Женщины в палате вставали. Кто падал с койки на пол тяжелым бревном. Кто медленно выбрасывал скалки ног из-под пододеяльника. Кто уже толкся в дверях, встречая гром кухонной каталки слабыми криками. А кто не поднялся, так и лежал, глаза в потолок, зубы на крючок.

– Да. Я убила. Сынка своего! Крошечную ласточку мою. Маленький совсем. Такой хорошенький. – Синичка показала, растопырив руки, величину ребенка, как рыбак показывает размер выловленной рыбы. – Я аборт хотела. Он мне не нужен был. Я не хотела рожать. А вот родила. Я одна. Я б его не подняла. У меня зарплата восемьдесят.

– Дворничиха, что ли?

Манитин шепот обволакивал трясущуюся головку Синички свадебной легкой фатой.

– Не-а. Хористка. В оперном.

– В театре? – Манита облизнула сухие губы. Ей до смерти захотелось запеть. Заголосить на весь Корабль, и чтобы на камбузе, на капитанском мостике и в клепаном трюме, везде услышали. – Здорово!

– Я его задушила… и пела ему… не хор… нет… Виолетту. Последнюю арию. Простите!.. навеки… о счастье… мечтанья…

Прянула у Маниты из рук. Вверх. Расправила тощие плечики-крылышки. Вот-вот взлетит. Раскинула руки. Потом притиснула к груди. Сжала добела. Широко раскрыла рот. Птица, пой! И пела! Заливалась! Стекла дребезжали. Никель коек драгоценно блестел. Простыни струились на пол атласными драпировками, фламандскими чахоточными кружевами. Голос из Синички вылетал дивный, сумасшедший. Возжигал смрадный воздух вокруг ее растрепанных кудряшек.

– О боже… великий!.. услышь ты… моленья… И жизни… несчастной…

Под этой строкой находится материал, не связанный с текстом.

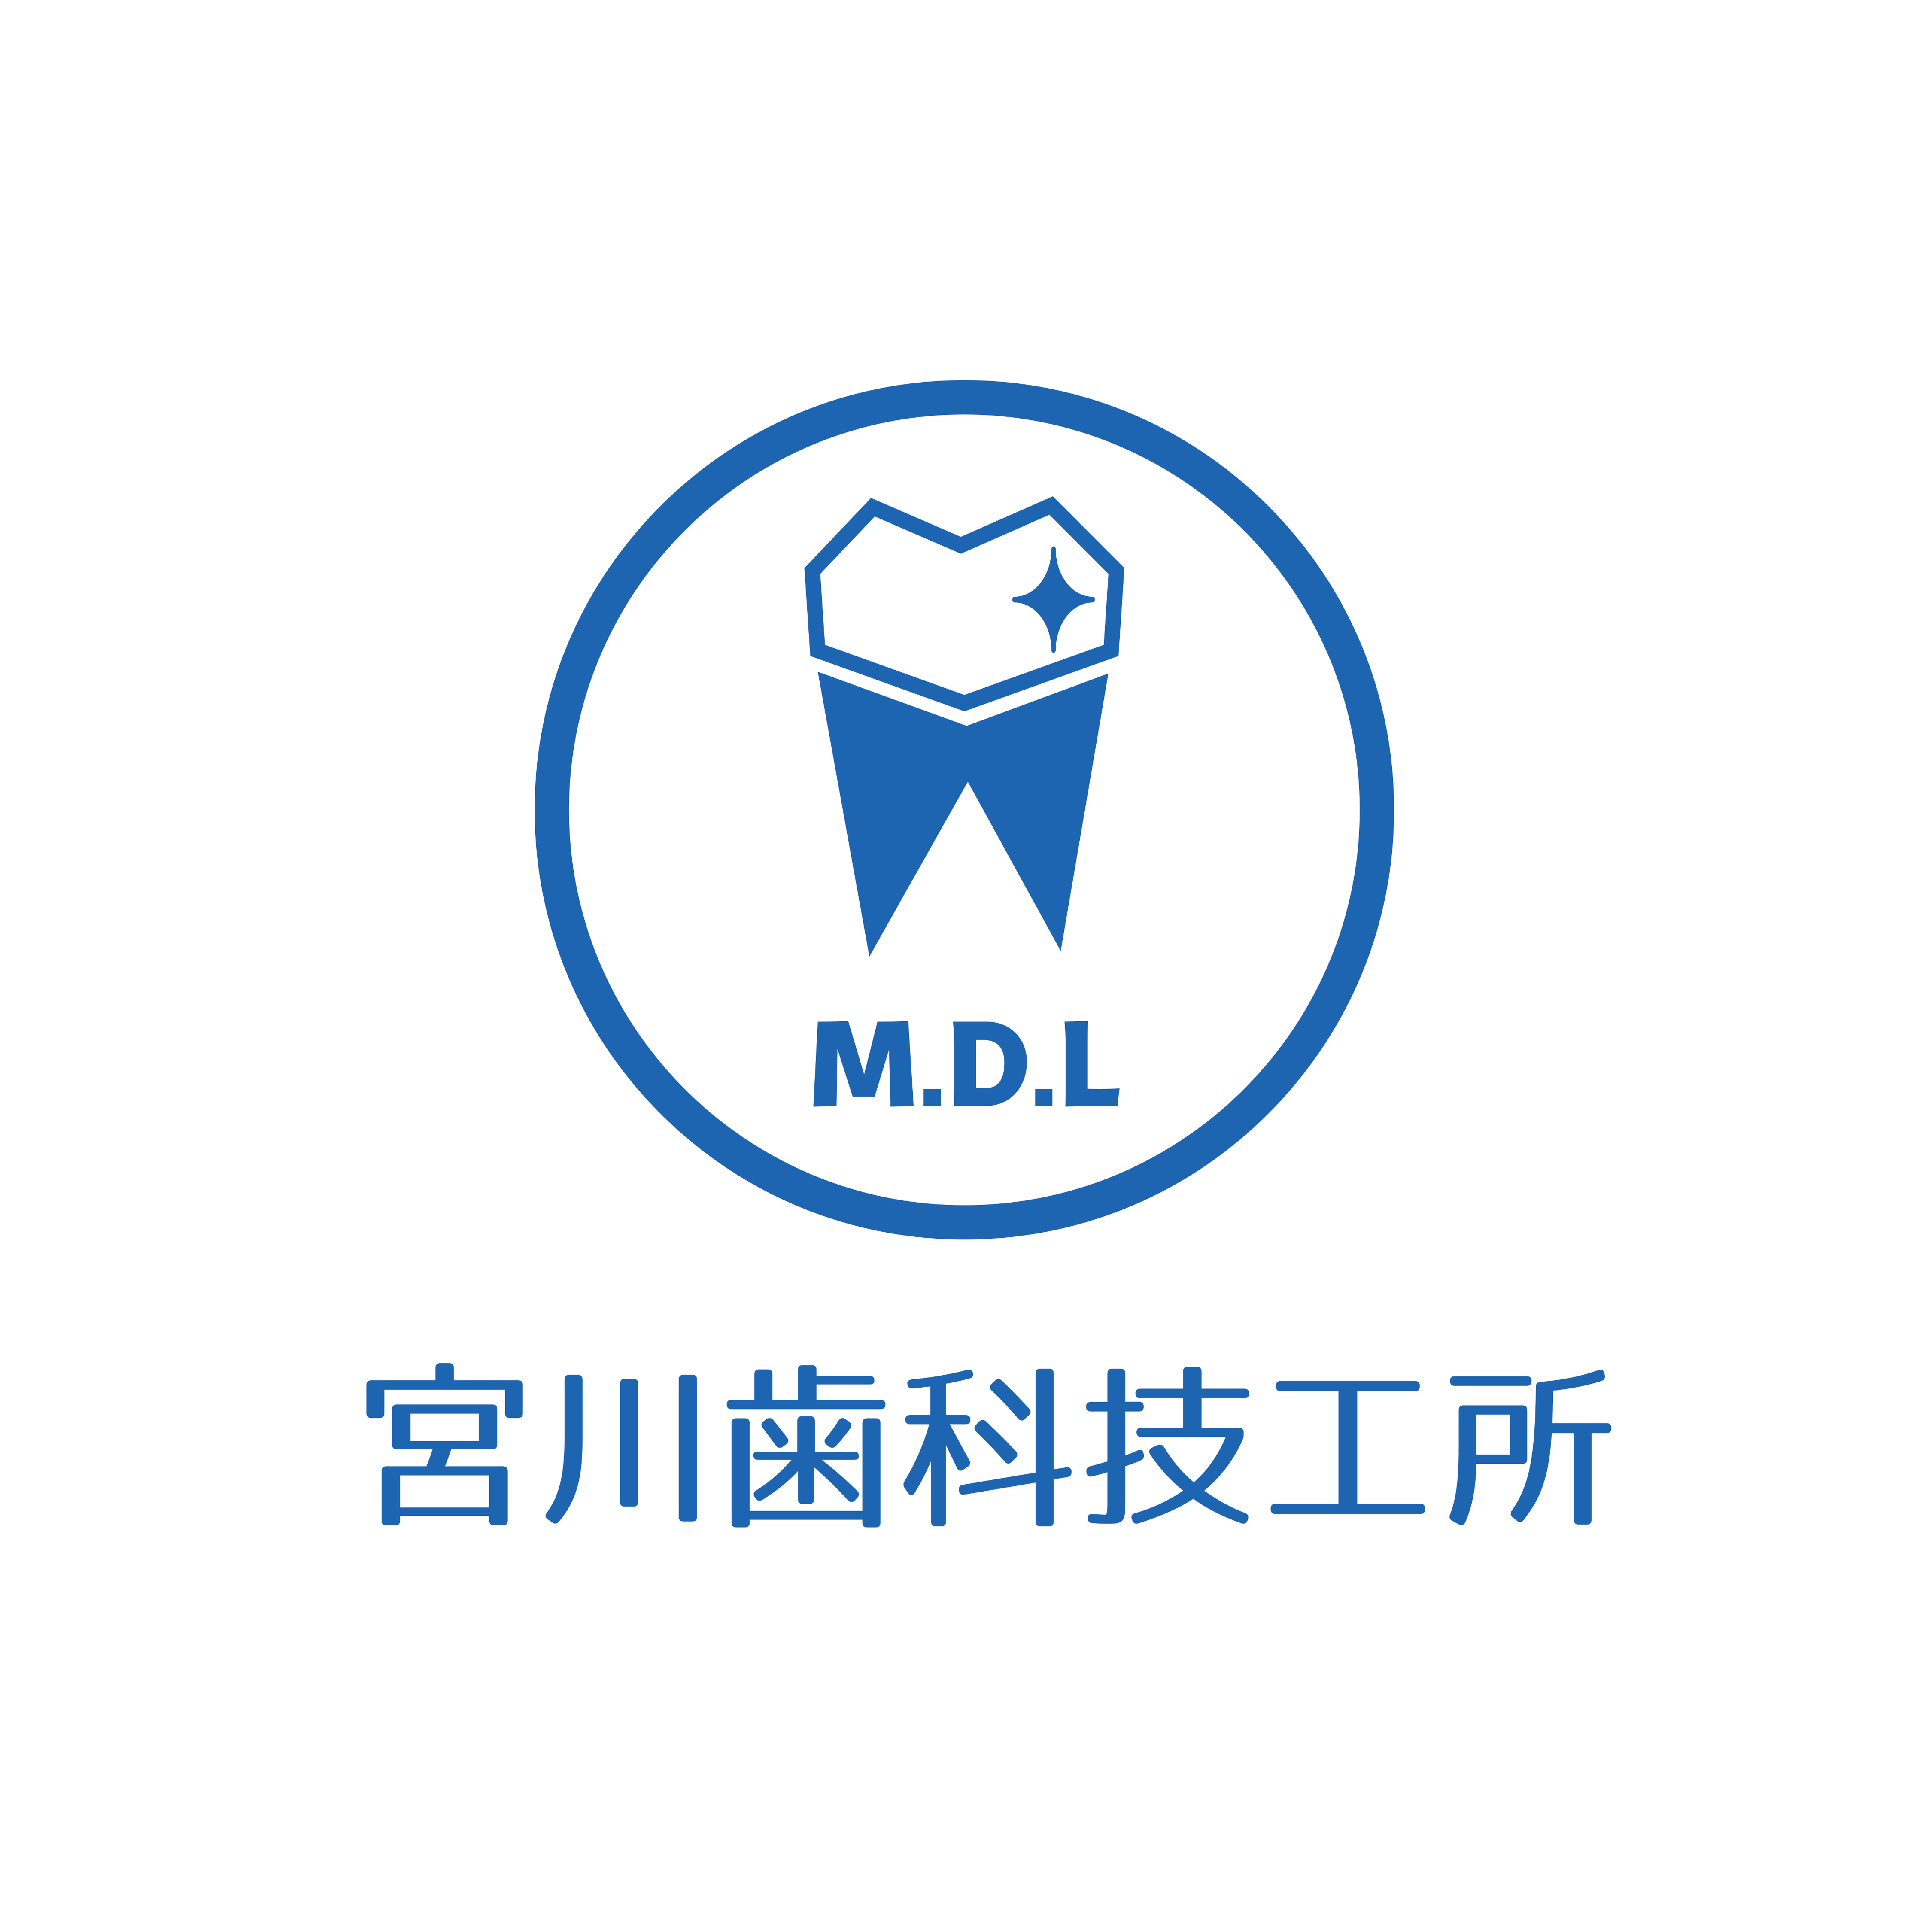 宮川歯科技工所様のロゴ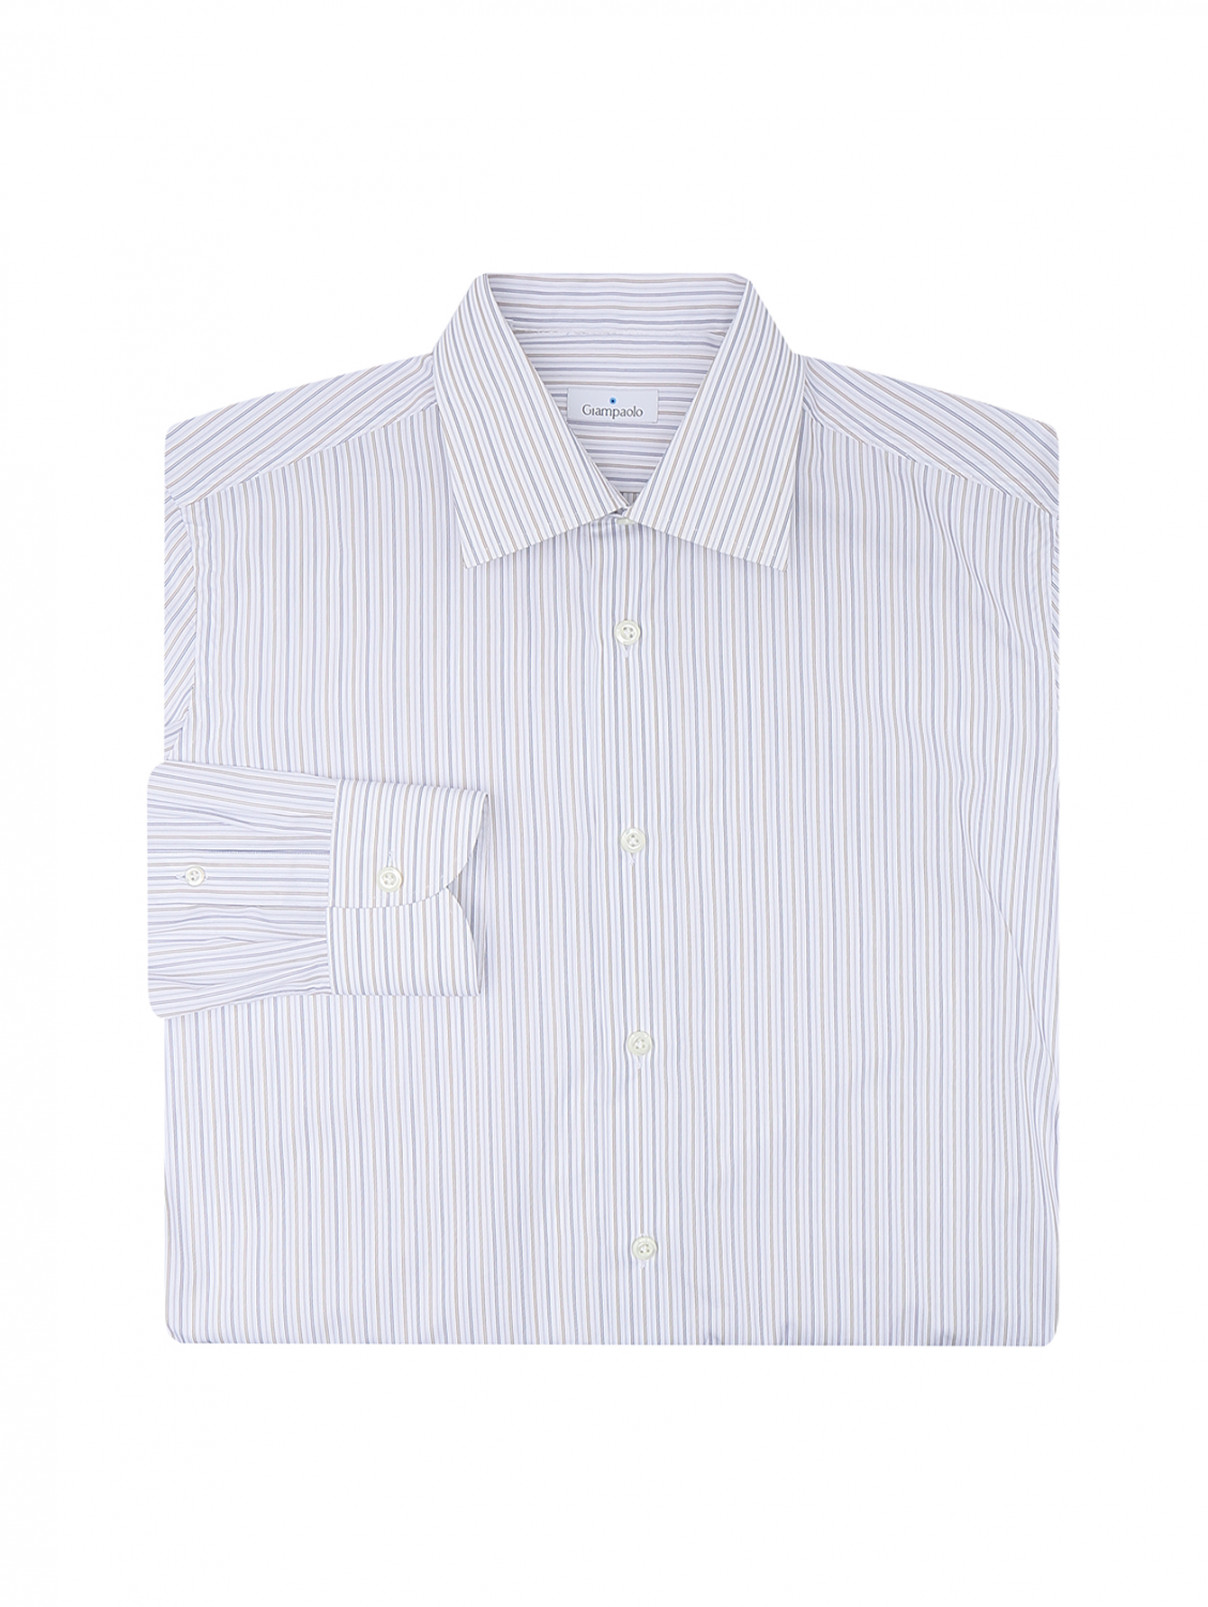 Рубашка из хлопка в полоску Giampaolo  –  Общий вид  – Цвет:  Белый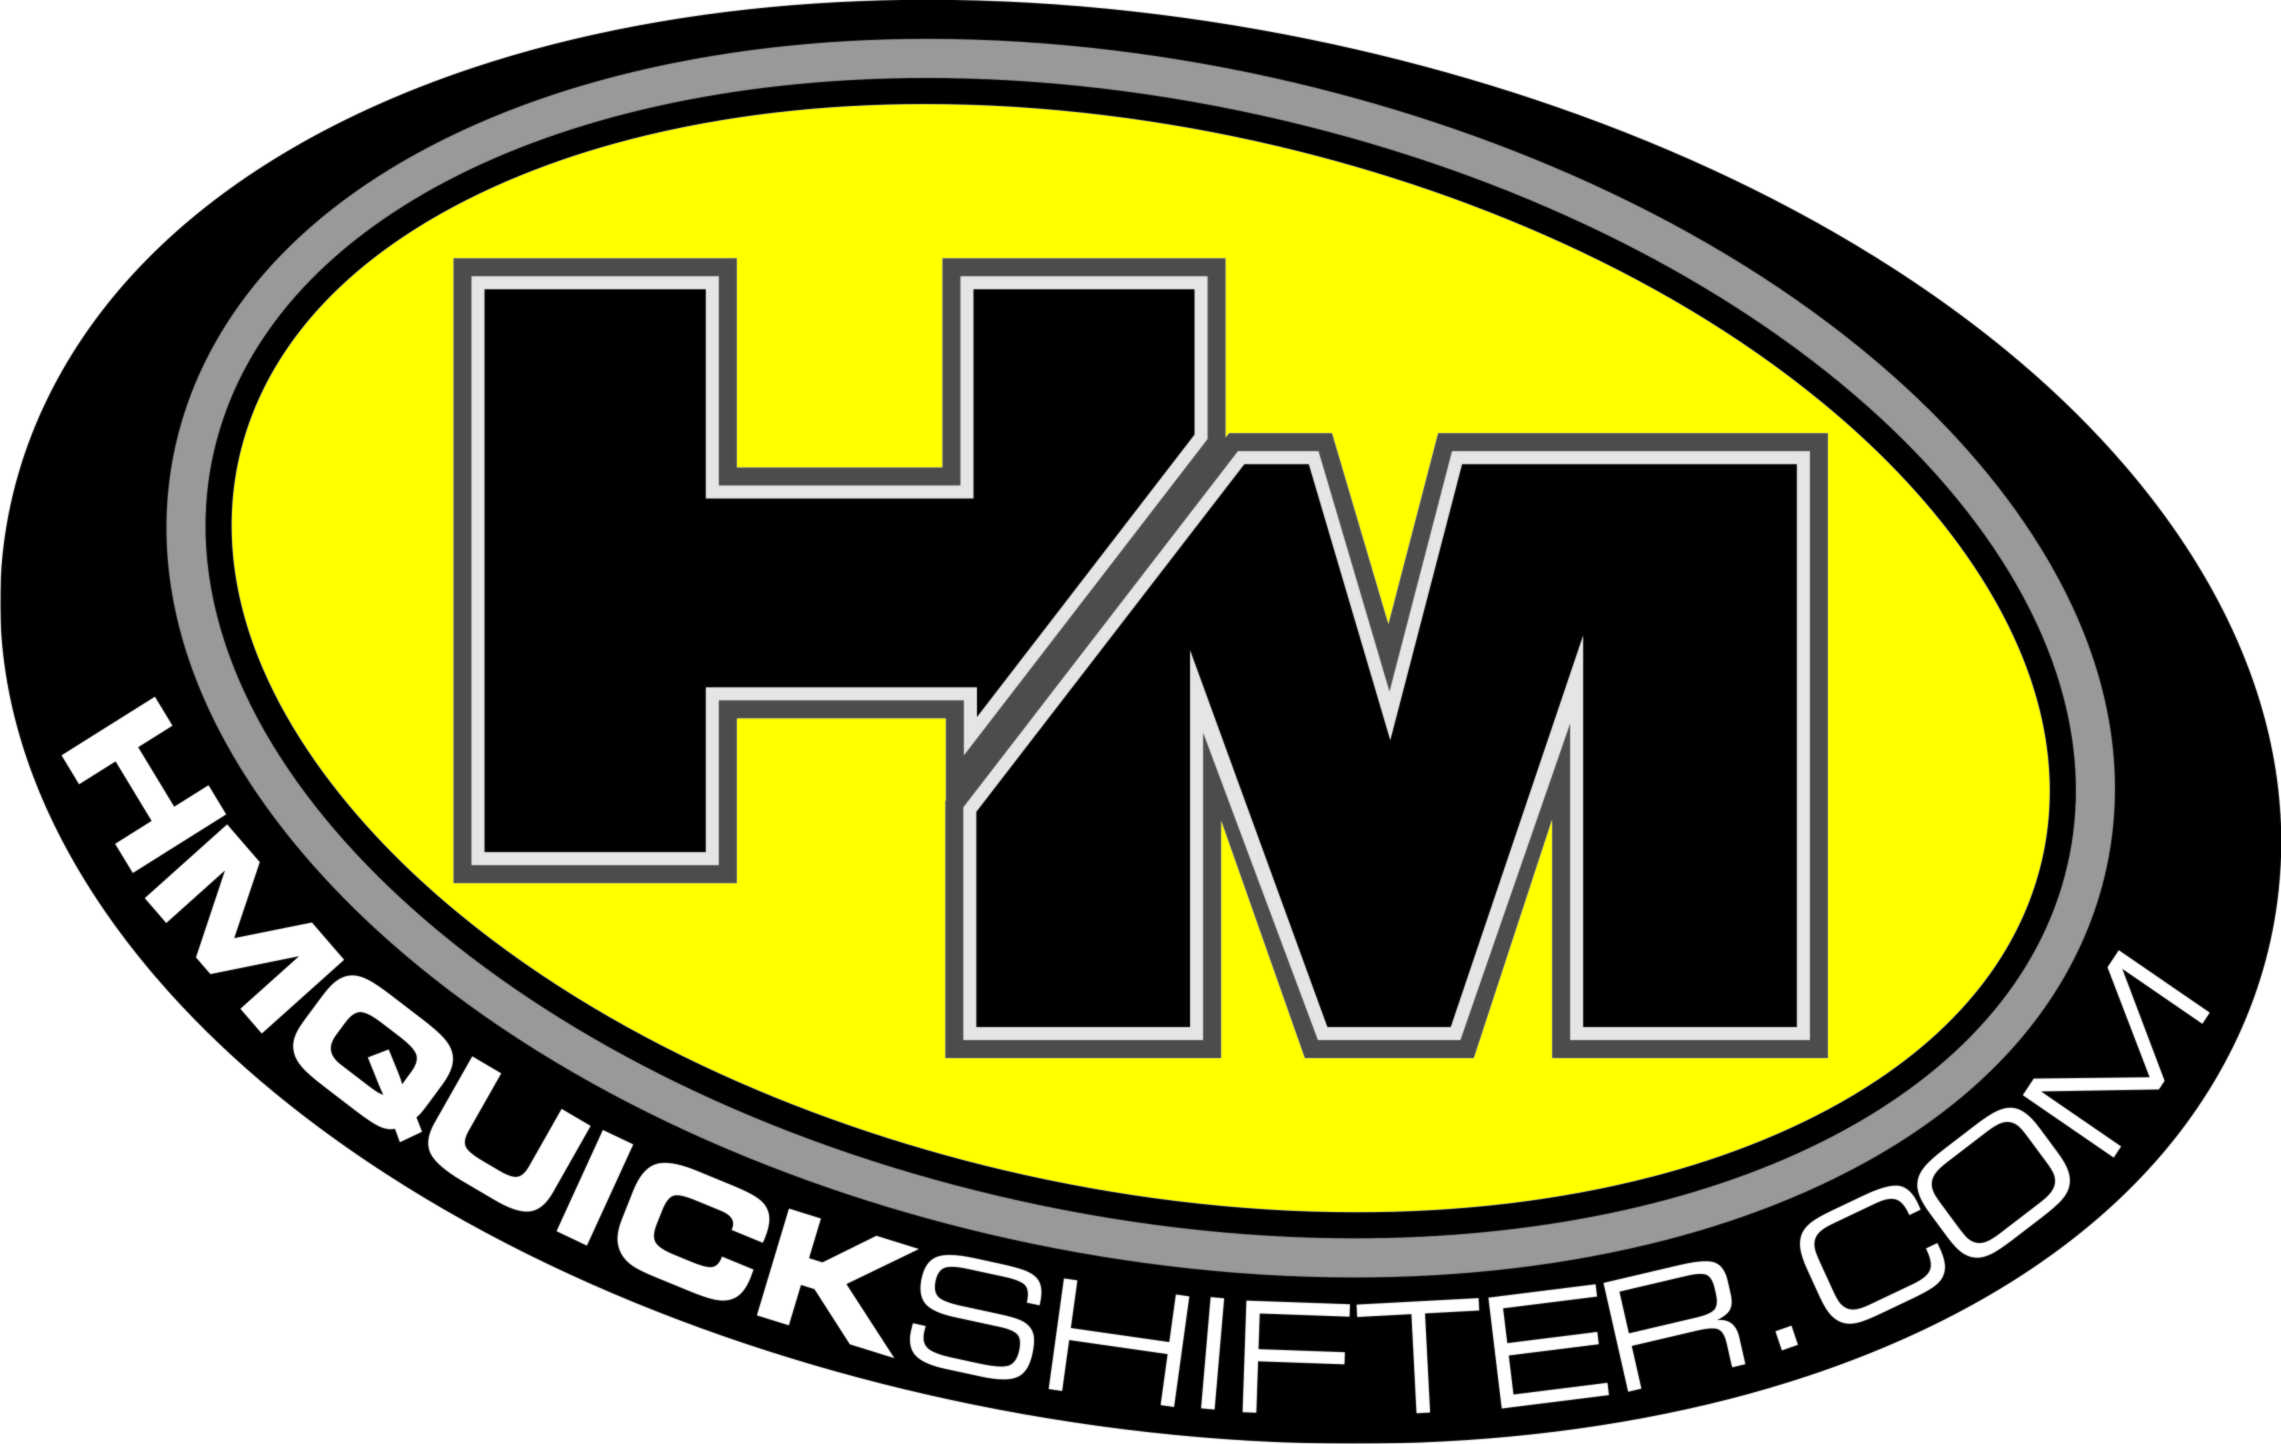 hm-quickshifter-logo2.jpg

Манита заклеила себе рот ладонью. Рыданье рвалось наружу. Она его не пускала. Держала в клетке.

– Прости… прегрешенья!..

Сгорбиться. Уткнуть лоб в колени. Пока она поет. Музыка. Отец! Ты такого в театрах своих не слыхивал. Пробивает мозг. Застревает дротиком в грудине. Вылетает из-под лопатки острым копьем. А может, тем смеющимся ножом, в руке насильника, в старом осеннем сормовском парке.

– Прости… прости!..

Скрюченная в плаче фигура. Над ней – поющая, летящая.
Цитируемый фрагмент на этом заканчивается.